美拉德反应对花生7S球蛋白(Ara h 1)结构修饰及潜在致敏性的影响

背景Ara h 1 是花生中的主要食物过敏原。最近,许多研究表明,MR 会影响食物蛋白质的致敏性。结果为了研究MR对Ara h 1过敏性的影响,将R-Ara h 1与葡萄糖在干热条件下加工不同时间。通过四种方法评估MR的程度。通过光谱分析表征二级和三级结构的变化。在干热60 min的蛋白质样品中鉴定出AGE结构,表明形成了AGE-Ara h 1。SGF消化分析表明AGE-Ara h 1与R-Ara h 1相比具有更高的抗消化性消化能力。还利用BALB/c小鼠模型探讨MR对Ara h 1致敏性的影响,结果显示Th2型细胞因子、与R-Ara h 1组相比,AGE-Ara h 1组中抗体和组胺含量增加,RBL细胞脱颗粒程度更大。结论在干热过程中,蛋白质参与了MR,其二级和三级结构发生了变化。100°C 60 min条件下形成AGE-Ara h 1。

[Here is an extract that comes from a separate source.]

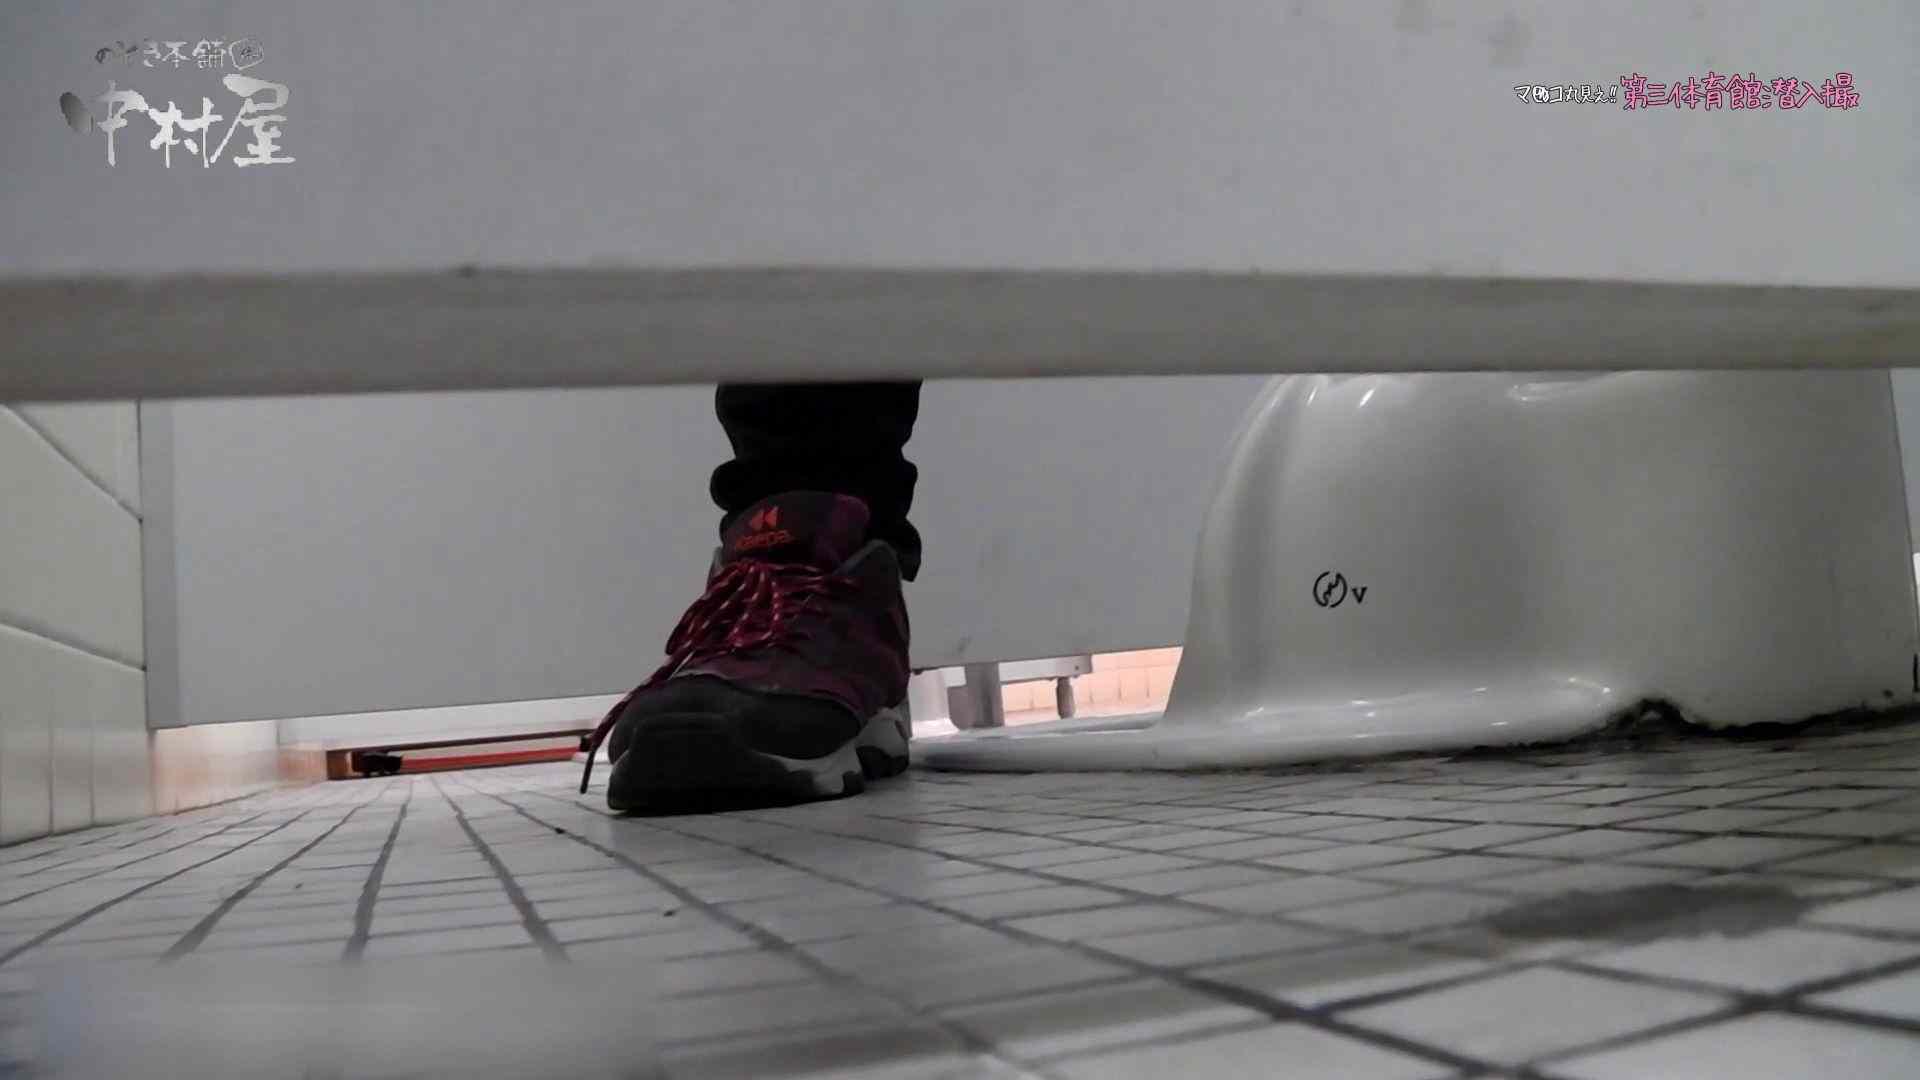 第三体育館File044長身のバレー部員が目の前の個室に入ってくれました。後編 アスリート美女 エロ画像 64PIX 59

SGF消化分析显示AGE-Ara h 1比R-Ara h 1具有更大的抗消化性。BALB/c小鼠模型表明AGE-Ara h 1具有更高的致敏性,表明MR可以增强Ara h 1的致敏性。本文受版权保护。版权所有。结论在干热过程中,蛋白质参与了MR,其二级和三级结构发生了变化。100°C 60 min条件下形成AGE-Ara h 1。SGF消化分析表明AGE-Ara h 1比R-Ara h 1具有更大的抗消化性。BALB/c小鼠模型表明AGE-Ara h 1具有更高的致敏性,表明MR可以增强Ara h 1的致敏性。本文受版权保护。版权所有。结论在干热过程中,蛋白质参与了MR,其二级和三级结构发生了变化。100°C 60 min条件下形成AGE-Ara h 1。SGF消化分析显示AGE-Ara h 1比R-Ara h 1具有更大的抗消化性。BALB/c小鼠模型表明AGE-Ara h 1具有更高的致敏性,表明MR可以增强Ara h 1的致敏性。本文受版权保护。版权所有。表明MR可以增强Ara h 1的致敏性。本文受版权保护。版权所有。表明MR可以增强Ara h 1的致敏性。本文受版权保护。版权所有。